BOSS dataset

Purpose of annotations

The aim of the annotations is to have a ground-truth file of the BOSS dataset with the following requirements:

It must point out the actions and interactions occurring in the videos by indicating their starting and ending frames
It must have enough labels to have a wide range of actions and interactions
It mustn't have too many labels for each action and interaction is represented enough times in order to allow the training of a classifier
The file must be easy to understand

The file is available here: AnnotationsBOSS_v1.xlsx

Explanations

The labels chosen for actions are: walking, sitting, standing, laying down.
The labels chosen for interactions are: fight, handshake, kissing on the cheeks, hugging, helping.

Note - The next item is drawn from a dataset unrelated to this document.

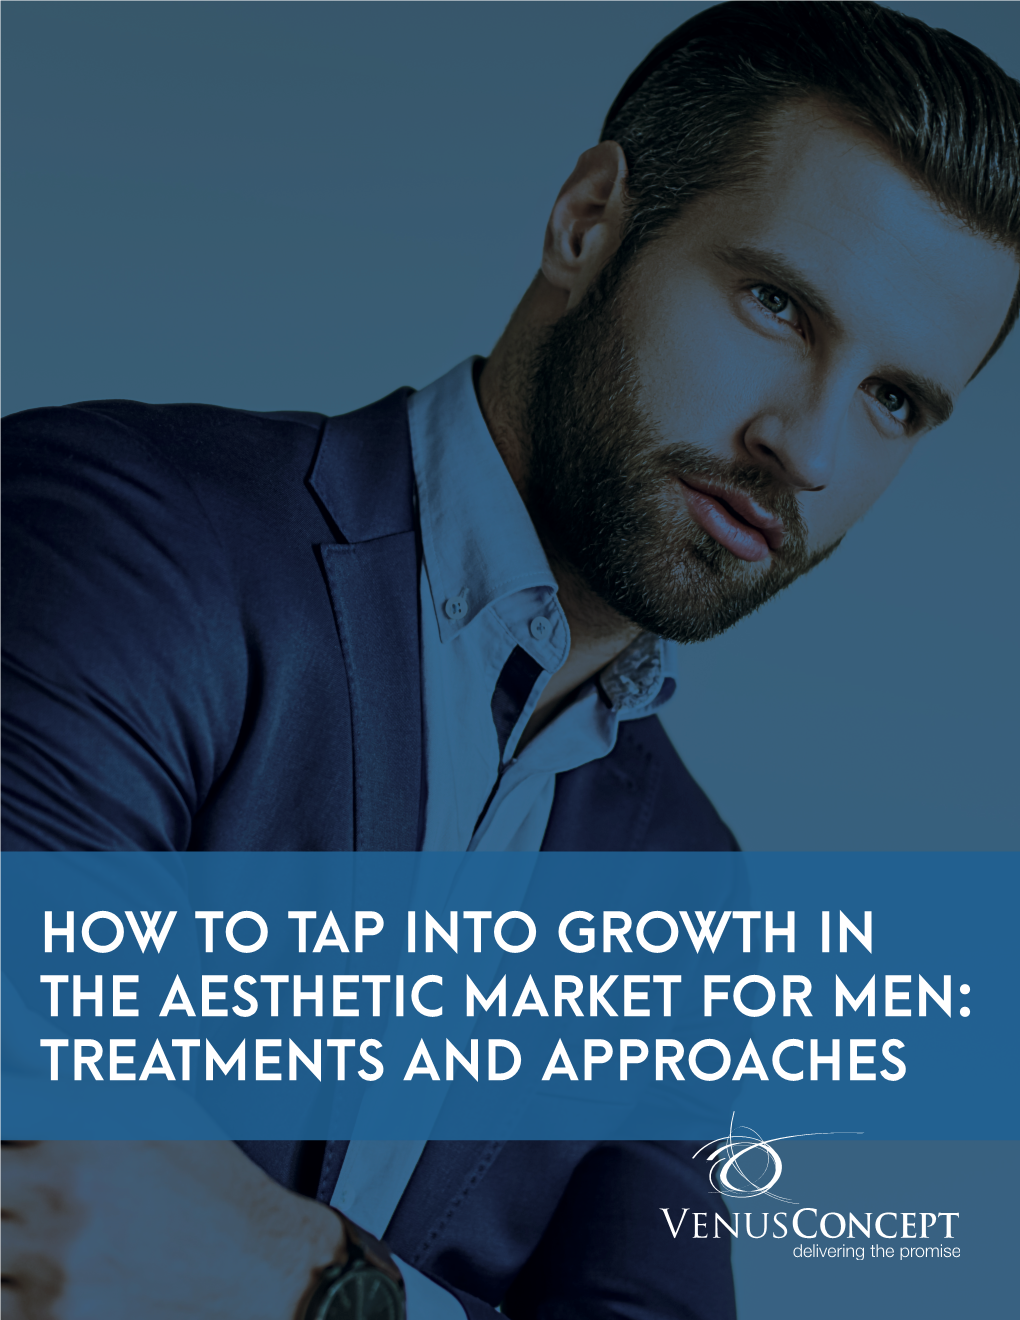 How to Tap Into Growth in the Aesthetic Market for Men

As it can be seen on the videos, many others actions and interactions occur such as kneeling, using a cellphone, harassing, reading a newspaper or dancing. However, those events are not happening enough times or are too difficult to precisely point out to be relevant for the purpose of the annotations file.

The has got two worksheets, one for actions and the other for the interactions.
The actions work sheet is classified by cameras. In each camera section, there is one array for each video.
In those arrays, the first column indicates the actions happening in the video while the first row indicates the persons in the video. The persons are numbered according to their order of entrance. A person is labelled as entering when half of their body is visible, it's labelled as leaving when there is less than half of there body is visible.

When an action is detected, its starting frame number is indicated in the "start x" column in the corresponding row. When this action ends, its ending frame number is indicated in the "end x" column in the corresponding row. As soon as a new action occurs, its starting and ending frames numbers are annotated in the same columns as the previous action if the new action is placed under the previous one. If not, it's placed in a new pair of columns.
This way, the flow of actions for a person must be read from top to bottom then left to right, as suggested by the red arrows on the following picture.

For instance, on the example above, person 1 does action 1 then 2, then 4,then 3, and at last 5. Meanwhile, the person 2 does action 1 then 3 two times before doing action 1 one last time.

For interactions, things are simpler.
As for actions, interactions are indicated on the first row. For each interaction the number of people involved is indicated, who they are, and the starting and ending frames as well as actions.
This way, interactions are indicated in the same fashion as actions.